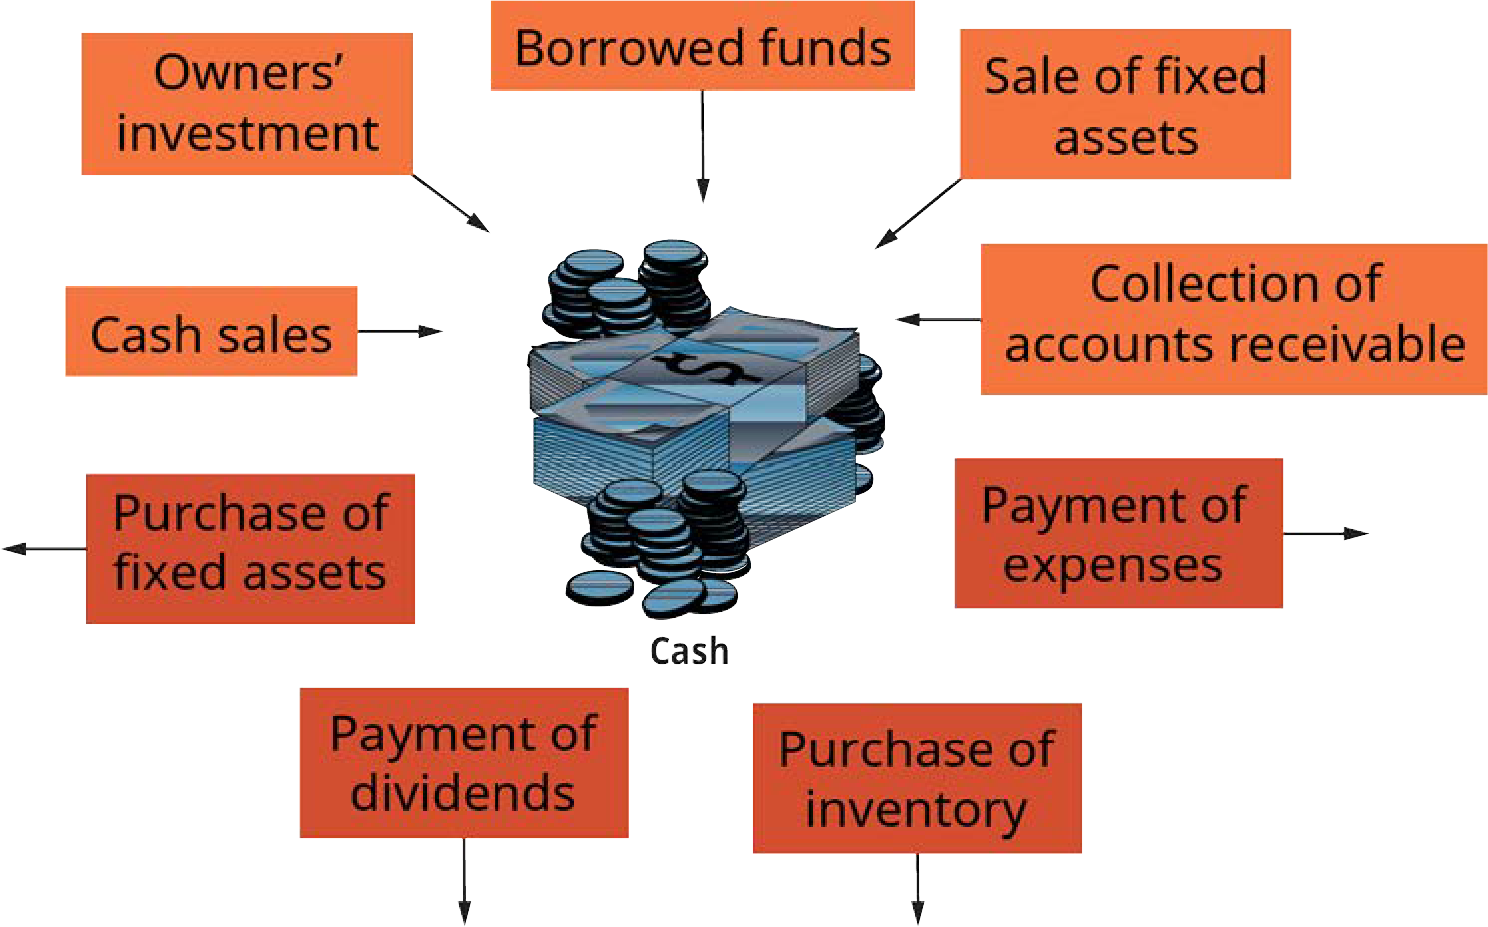 Exhibit 8.1 How Cash Flows through a Business (Attribution: Copyright Rice University, OpenStax, under CC BY 4.0 license.)
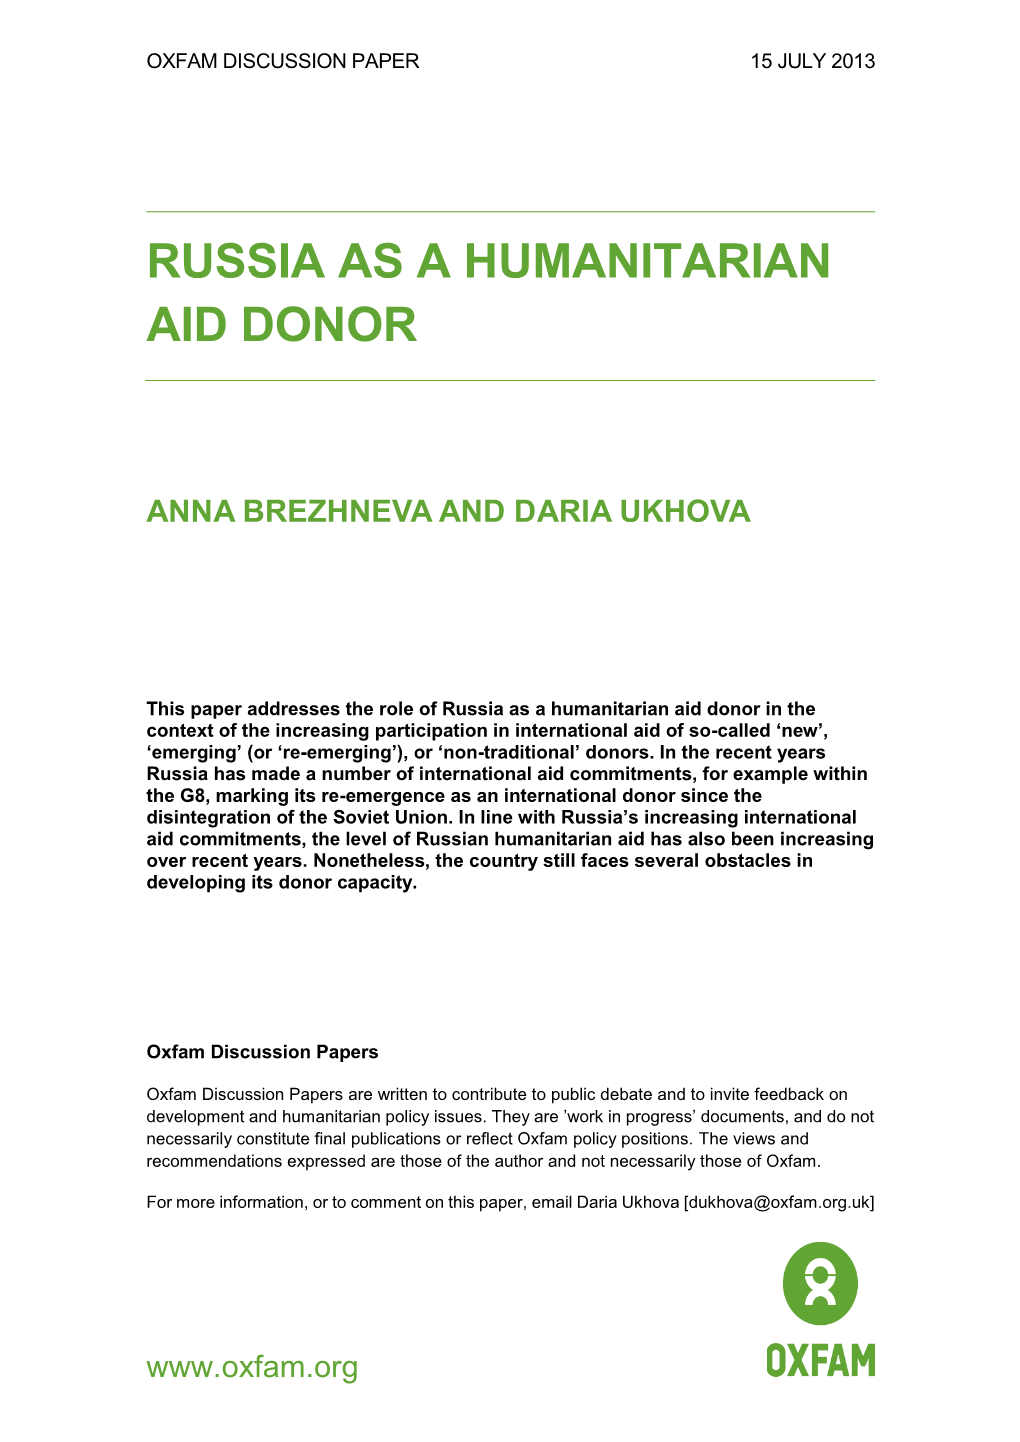 Russia As a Humanitarian Aid Donor
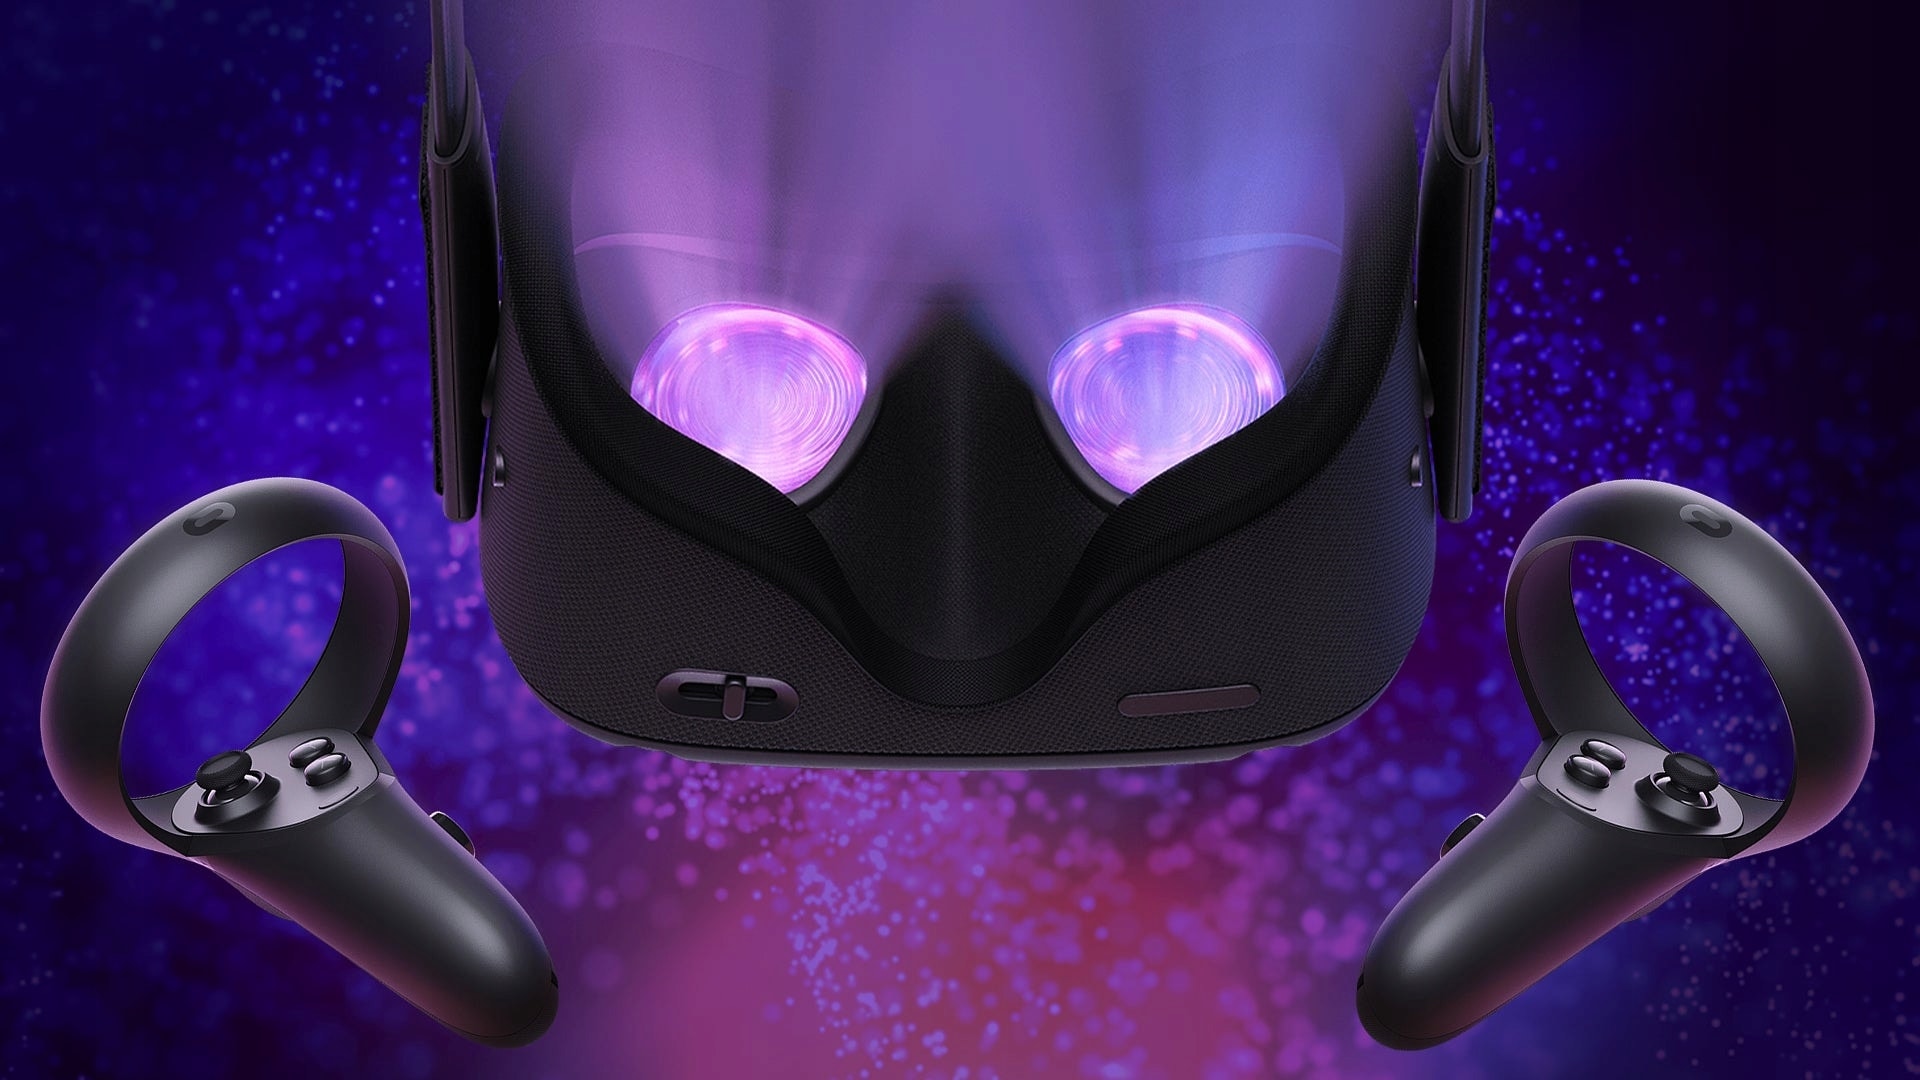 The most anticipated games on the Oculus Quest in 2020
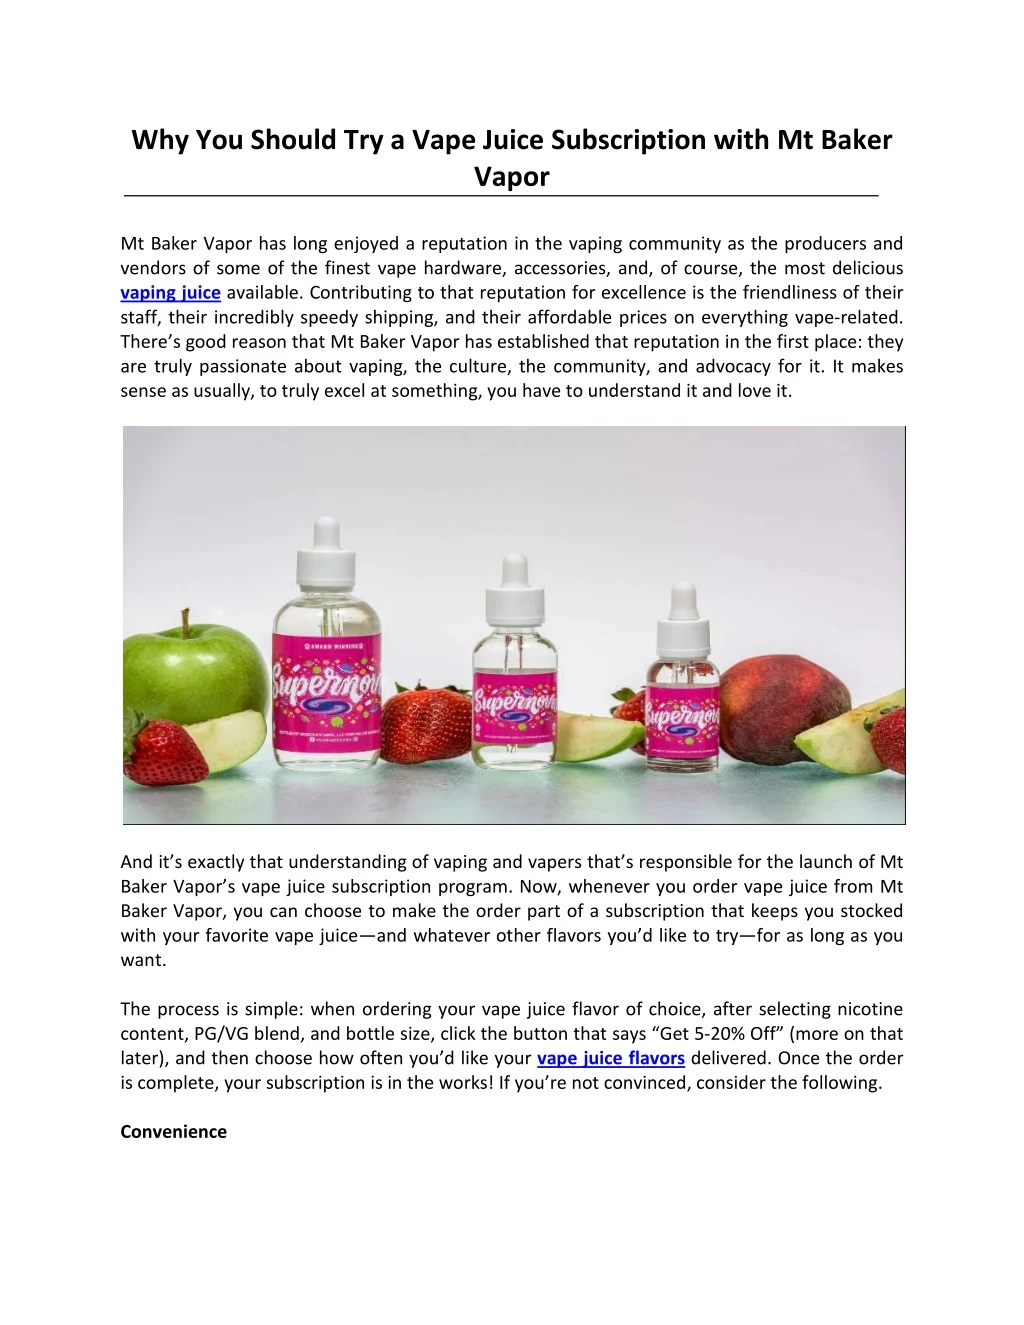 why you should try a vape juice subscription with

**Problem requirements:**
Set down the line containing "The most anticipated", then every later line through the end of the material, exactly as written; omit any picture.

**Answer to the exercise:**
 The most anticipated games on the Oculus Quest in 2020
 why you should try a vape juice subscription with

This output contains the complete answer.